O SR. LUIZ ANTONIO FLEURY - Muito obrigado, Líder Roberto Marinho, digo, Roberto Jefferson - Roberto Marinho foi um líder para todos nós. E certamente a emoção do momento fez-me trocar o nome.
Para encerrar, quero dizer que havia uma característica muito marcante no Dr. Roberto Marinho. Ai daquele que entrasse em sua sala, na Rede Globo, e não admirasse a paisagem do Rio de Janeiro. Ai daquele que não comentasse a beleza demonstrada através da sua janela, uma verdadeira pintura viva do Rio de Janeiro, cidade que amou com tanta intensidade, e teve oportunidade de ver a restauração do Cristo Redentor.
Orgulho-me muito de ter conhecido um dos maiores brasileiros deste século. Roberto Marinho é um homem do século XXI, não do século XX, pois sempre viveu à frente do seu tempo. Roberto Marinho foi um brasileiro que amou seu País. Um homem apaixonado por tudo o que fez, que ousou sonhar e realizou todos os seus sonhos. Que Deus o acolha!
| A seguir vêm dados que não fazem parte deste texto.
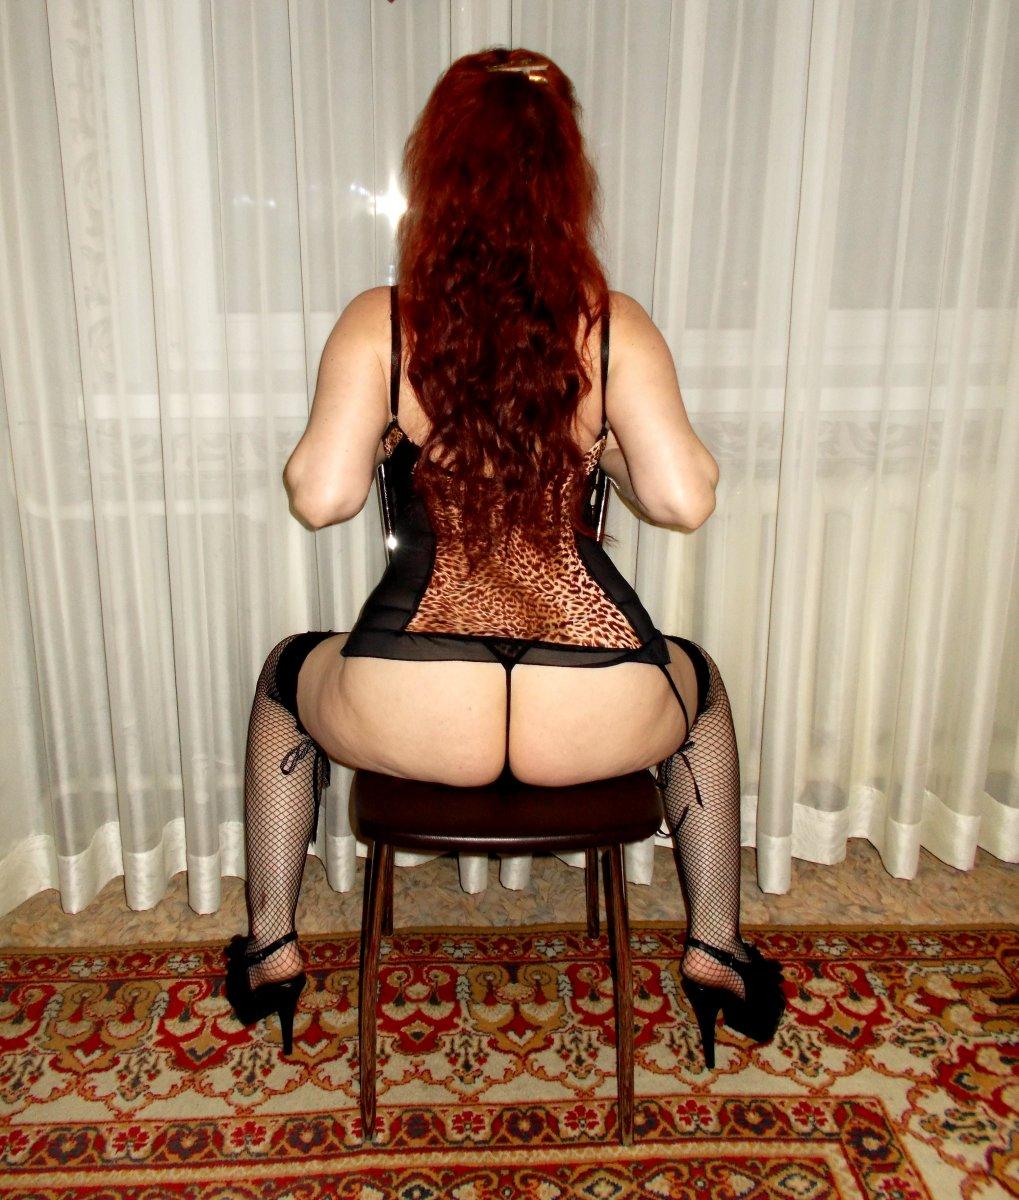 жирные проститутки онлайн
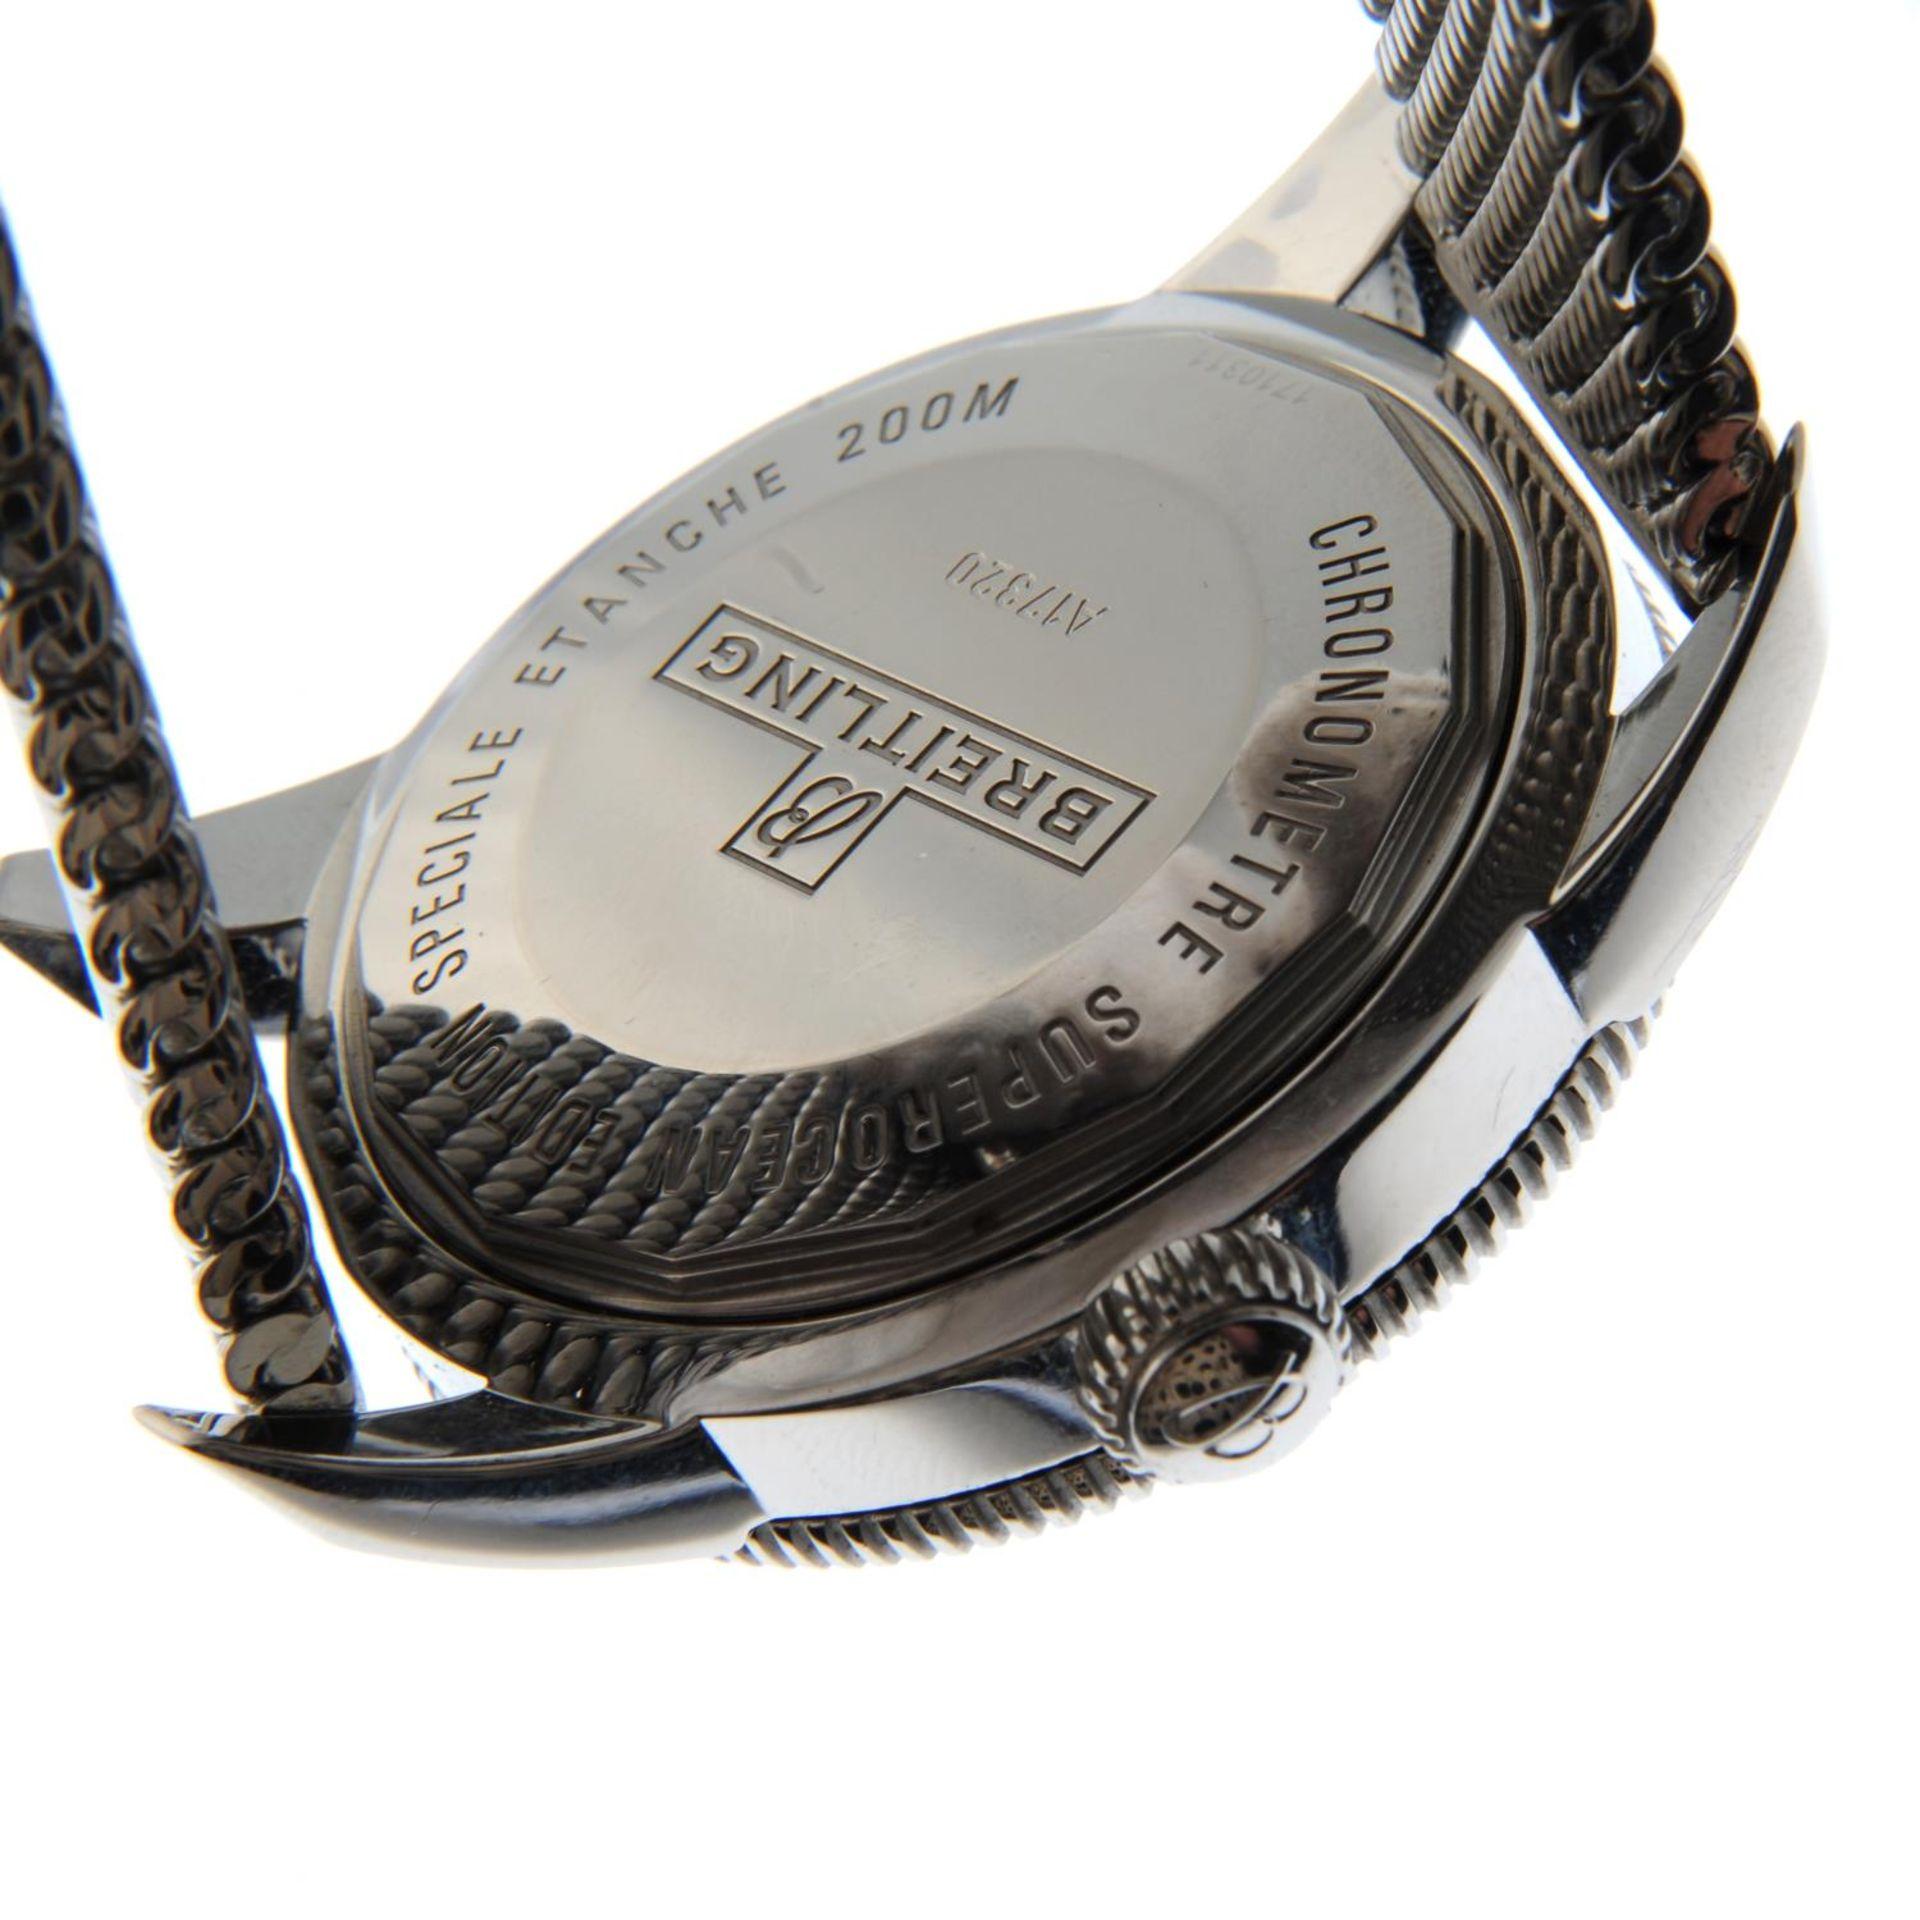 BREITLING - a SuperOcean Heritage 46 bracelet watch. - Bild 2 aus 6

O Brasil reverencia um homem que jamais morrerá, um imortal reconhecido por todos os brasileiros. Espero que Deus conforte e dê forças a João Roberto e aos irmãos, filhos, sobrinhos, enfim, a toda família de Roberto Marinho, para que possam levar adiante o maravilhoso legado de um homem muito especial.